Moses makes a face. "I admit Hotep and Huy have rather shapely calves poking out from under those dresses, but I'm not sure they qualify as women."

Rameses spins in his place, continuing to walk backwards and talking at the same time. "Are you sure you want the post of Royal Chief Architect?" he asks dryly, and it's really quite miraculous that he doesn't fall into the river. "Because if I were Father, I'd appoint you as Court Jester. You have those funny ears that go with it too, and we could have Hotep make you a hat--"

Rameses meets the water with a splash, and Moses doesn't bother trying to hide his laughter.

"You!" Rameses sputters, pointing.

"I did nothing," Moses protests. Stumbling into Rameses' side had been mostly unintentional.

"...Says the Morning and Evening Pain in my Side." Rameses sinks up to his nose and narrows his eyes like a crocodile. The water around him glitters like a halo. He surges up again. "You do realize this means war, brother."

Already another grin is beginning to spread on his face, and Moses is willing to bet that there will be a chariot race before the end of the day. And that they are going to be late again. And that, in the near future, he is probably going to get very wet.

Father will not be pleased. But Father does not understand how much Rameses needs this. Brotherhood. Boyhood. An hour's worth of not being the divine light of his people.

One day Rameses is going to be a great king, and Moses will be right behind him, lightening his load.

For now they are boys together, and Rameses' vengeance is swift but not merciless.

It's too hot outside anyway, Moses reasons, and dives in the water.


And I will harden Pharaoh's heart, and multiply My signs and My wonders in the land of Egypt.

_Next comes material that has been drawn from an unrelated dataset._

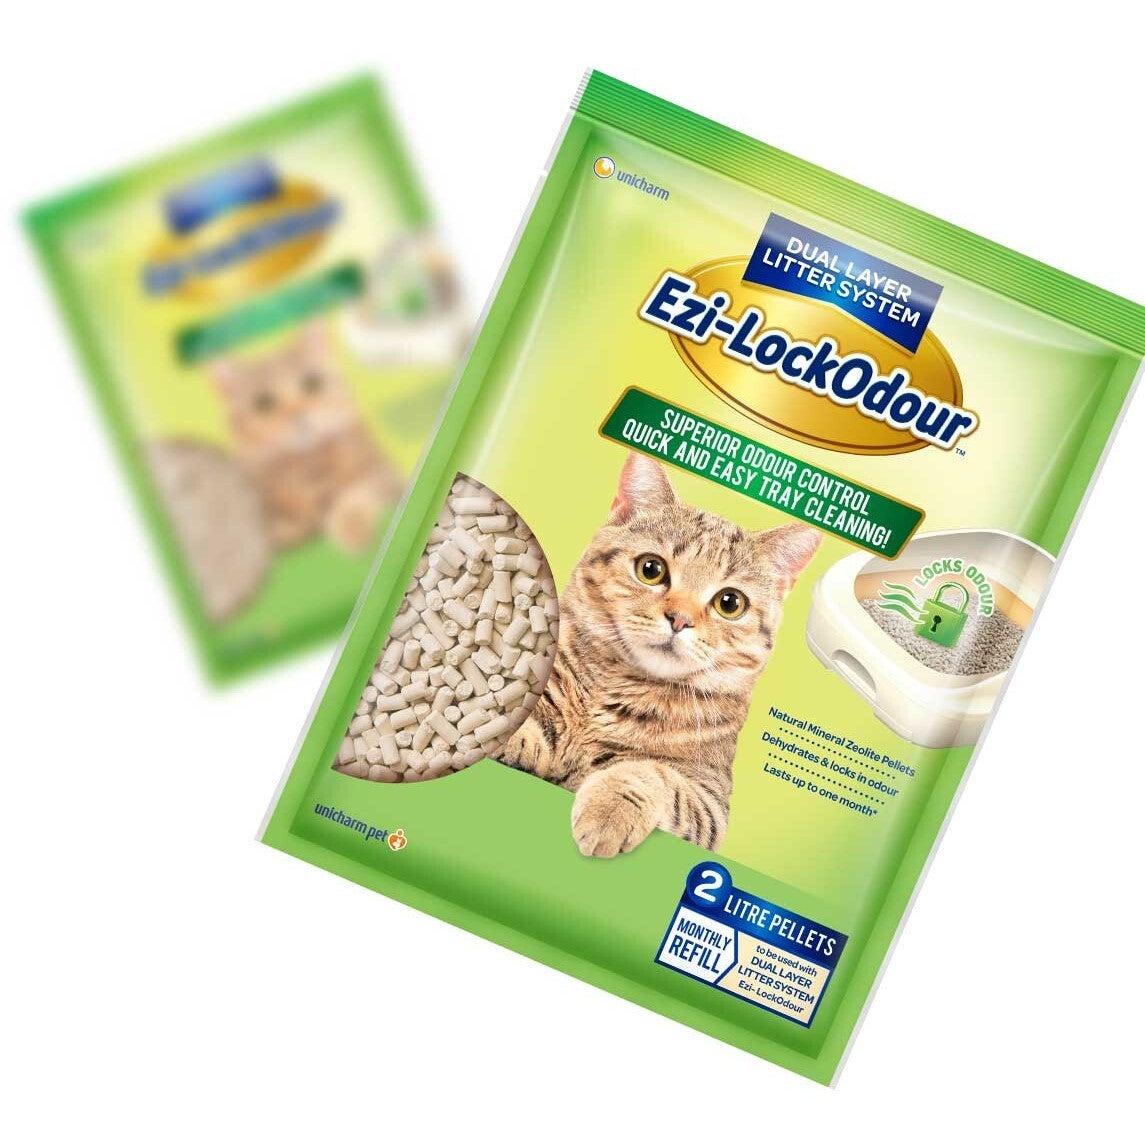 Ezi LockOdour Natural Mineral Zeolite Cat Litter Pellets 2kg

When Moses returns, it is not to home.

It feels like it at first: Here is the spot where we bathed in spring mornings. Here is the roof upon which no female cat bore less than ten kittens. Here are the stairs where you fell and broke your nose -- do you remember? Here is where--

Here is where the water-soaked bodies of dead infants were collected by Father's laborers so that they would not drift near us as we bathed. Here is the roof where overseers whipped men for taking too long to eat their rations. Here are the stairs where an old man collapsed under the weight of the bricks he was carrying and tumbled down until rolling to a stop at our feet. We didn't notice. We were late for court again.

Egypt smells clean, not like desert and asses and dung and dust. Even now. Moses walks through streets and passages he would know with his eyes closed, sidestepping slabs of stone and toppled columns; the hail had been devastating. But those are the only obstacles that block his path. Even after all this time, the priests all know he has direct access to the Pharaoh.

It is late in the evening. Rameses sits, as usual, on his balcony, hidden by the shadows of Anubis and Seth. In the beginning, Moses had approached these conversations with anticipation; now, more than anything, it is with despair that guides him.

"Your Majesty," he sighs, announcing his presence.

Rameses looks at him. It's always the same look at first, always lasting just long enough to add another crack to Moses' heart, to make it slightly more difficult to breathe. It's a kind of innocent, desperate hope -- Rameses wants to believe, every time, that Moses has returned to him, to say Brother, you've finally come to your senses -- but then his eyes transform into realization, then hurt, then icy coldness and Pharaoh's face becomes unreadable again.

"Pharaoh," Moses says. "The God of the Hebrews--"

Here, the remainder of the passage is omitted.